How Louis Sel Came to Be

Ever since her first trip to France in high school, founder of Louis Sel, Karen Pevenstein, “...fell in love with France” and the rest was history. From living there briefly in her 20’s to vacationing and falling in love with Brittany in 2014, Karen has always found herself drawn to the beautiful country and the amazing cuisine. 

Over ten years ago, Karen visited a food fair in Paris, France, filled with different vendors where she sampled everything you could imagine including jams and jellies, escargot, and salts. She left the fair with a tub of L’Atelier du Sel’s’s herb salt and sprinkled it on anything she could eat when she arrived home. 

Karen quickly fell in love with the salts and could never find a salt brand that compared to L’Atelier du Sel’s. During Karen’s travels to France, she discovered the food fair was still up and running, and everytime she travelled back to Paris, she tried the other types of salt and brought them back home for her friends, family, and colleagues to enjoy. Everyone was impressed with the quality and tastes of the salts- so much so that one of her friends recommended she import the salts to the United States.

“It became kind of a joke that I came back from France with like ten to 20 bags of salt,” Karen said.

Karen decided to research the idea and then approached the farmers to learn more about their craft and product.. Karen then travelled to Guerande in Brittany to spend an entire week with the salt farmers, learning all about the region, the salt making process, and the uniqueness of the salts.

“I fell in love with Brittany and the region and the salts even more… That’s how it really kind of started, and the rest was built from there,” she said.

Karen never envisioned opening a French sea salt business but found a unique product that she loved, and was extremely passionate about sharing.  She knew people would fall in love with the salts, just like she did. 

When she received her first shipment, she recalled having felt an “amazing sense of accomplishment.” Soon thereafter, sales began. “I will never forget  the first time I saw sales coming through and I thought ‘oh my gosh this is so exciting.’ It was right around Thanksgiving so it was fun to see  the immediate traction. 

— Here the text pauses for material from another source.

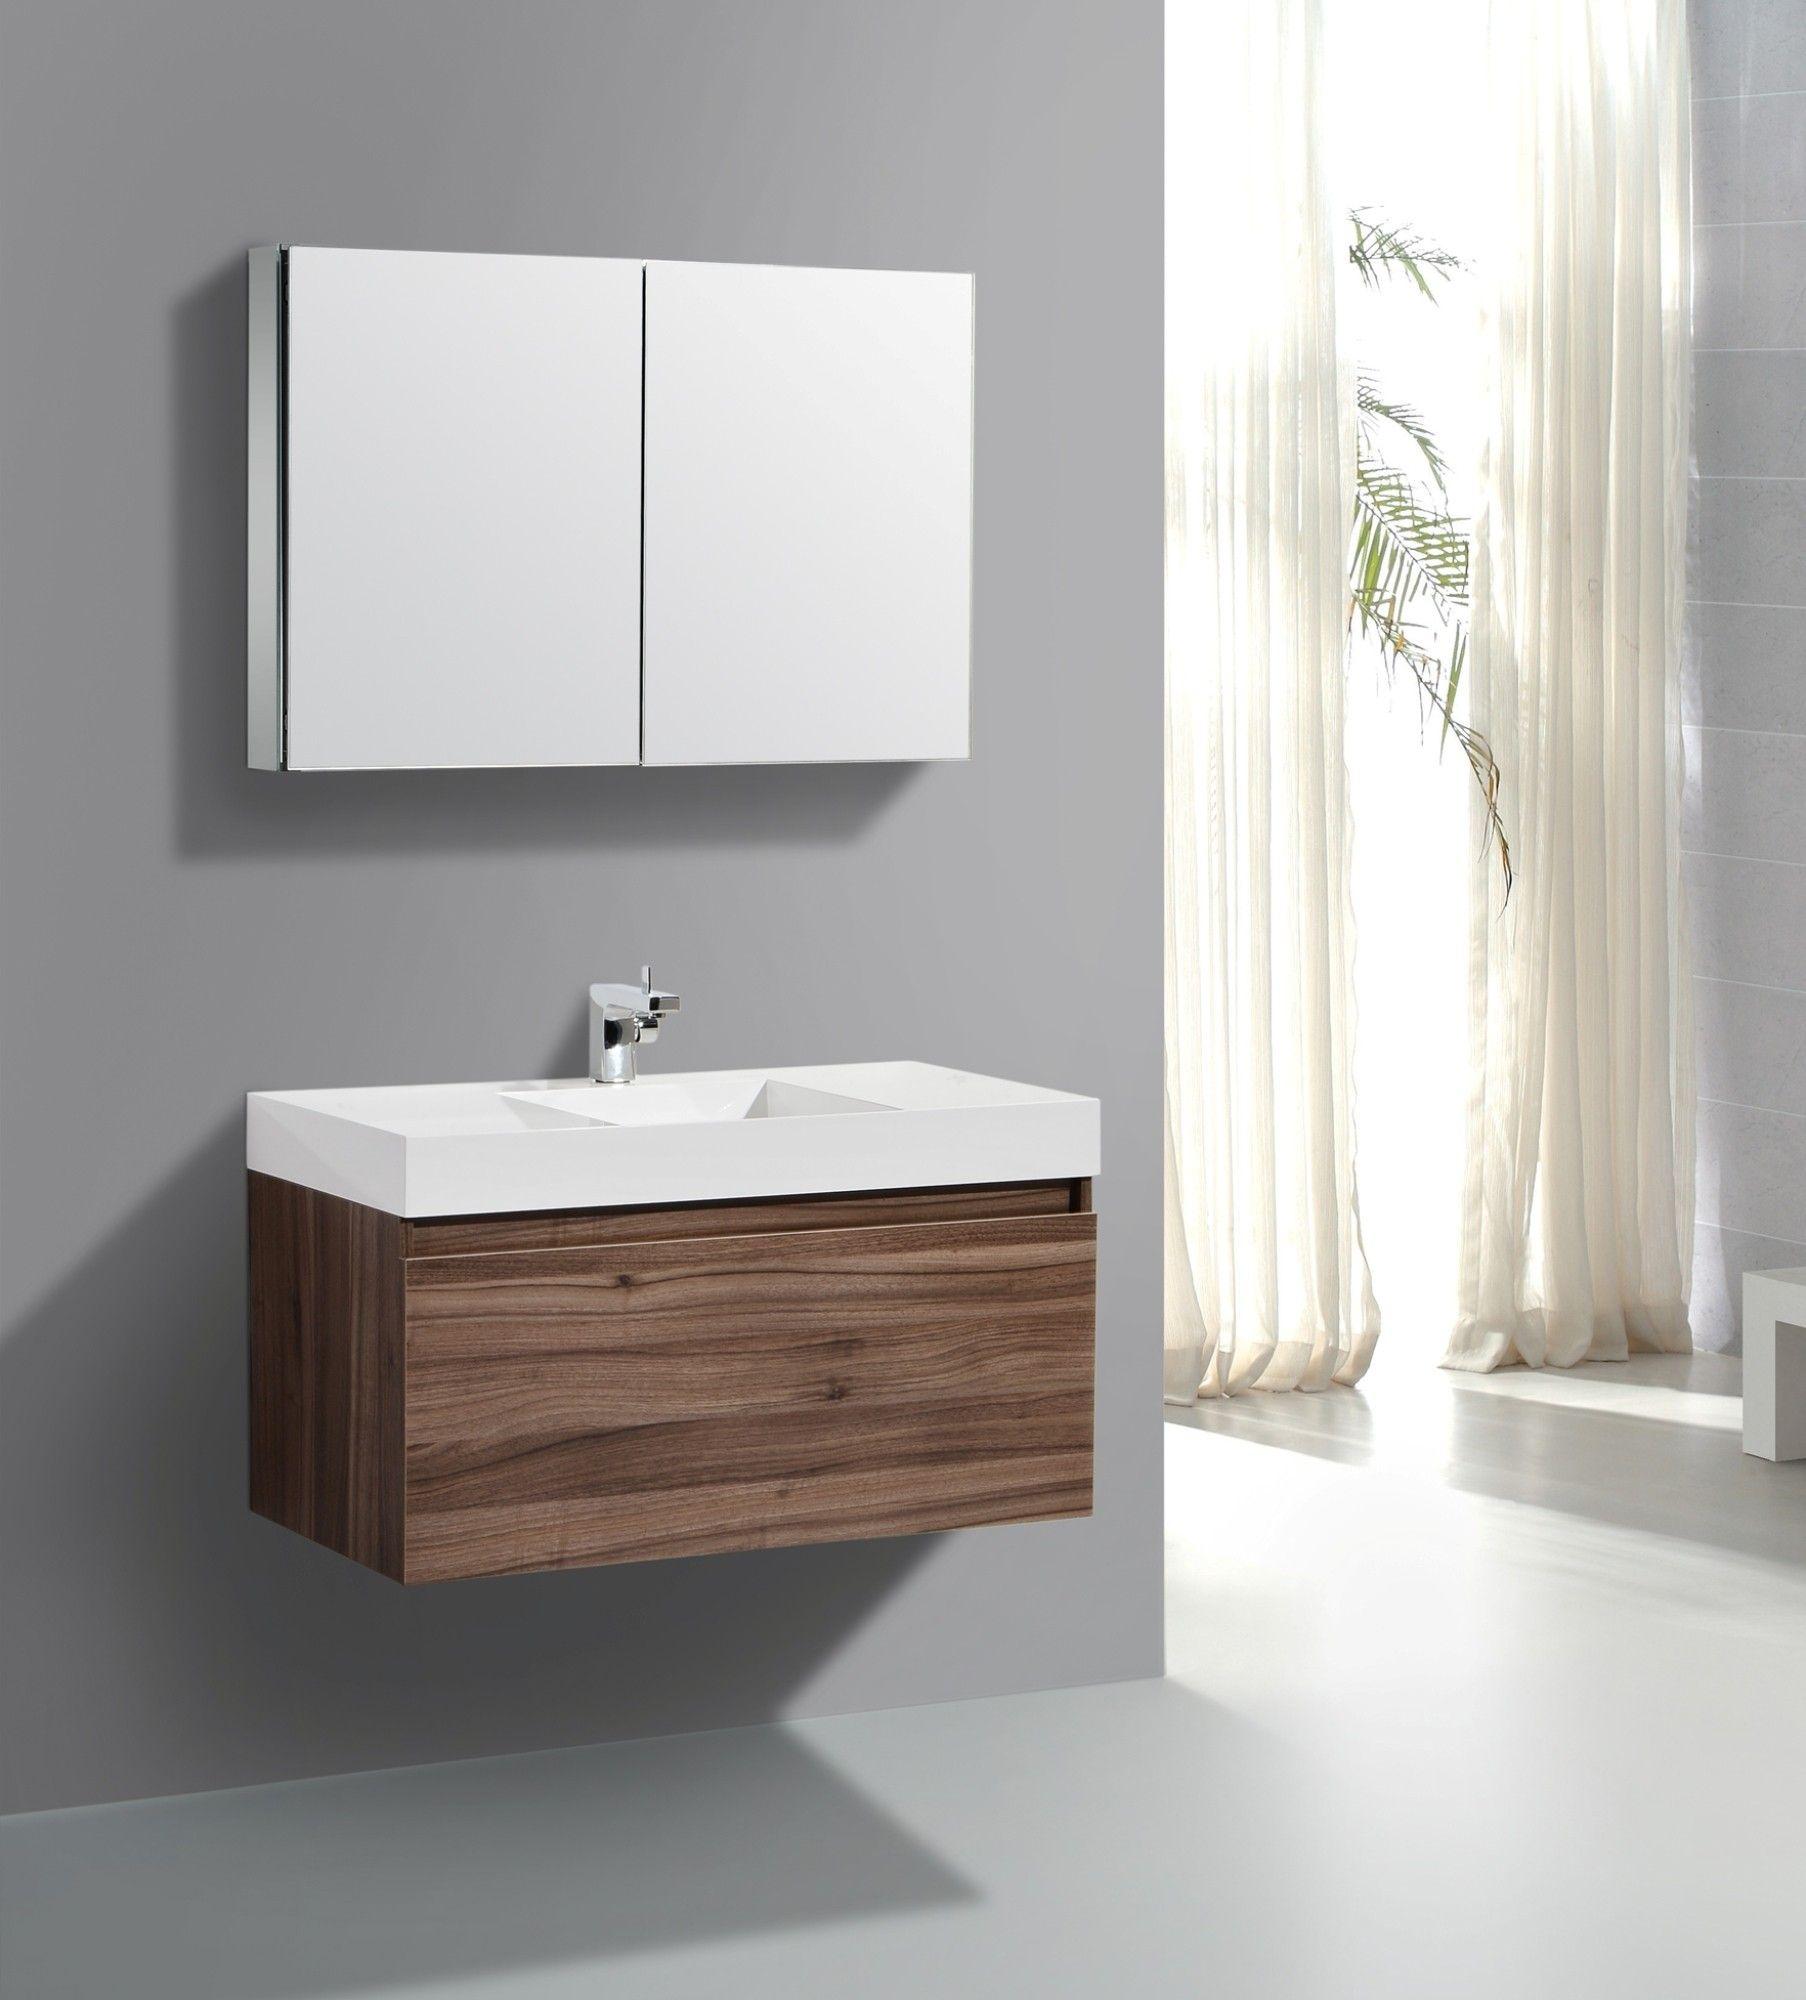 Bathroom Vanities From 36 To 40 Bath Trends Miami Fl

Like any other entrepreneur and small business owner, Louis Sel has been a work in progress for Karen. When it first launched, Louis Sel started as a small, word-of-mouth online shop. Now, Karen has her own pop-up shop in Newton, Massachusetts that’s here open until December 31st.  Louis Sel has been featured in Forbes, The Boston Globe and Karen was honored to be awarded the Women in Business Award by the French Chamber of Commerce of New England (FACCNE). Karen has been rewarded by the “sense of achievement” that you can only experience when you follow your passion. 

“I tell people it's in the taste. Once you taste it on your food and you start cooking with it, using it as a finishing salt, you’ll never find anything else like it,” she said. “I think that’s what our customers have found and why they keep coming back to ordering more.”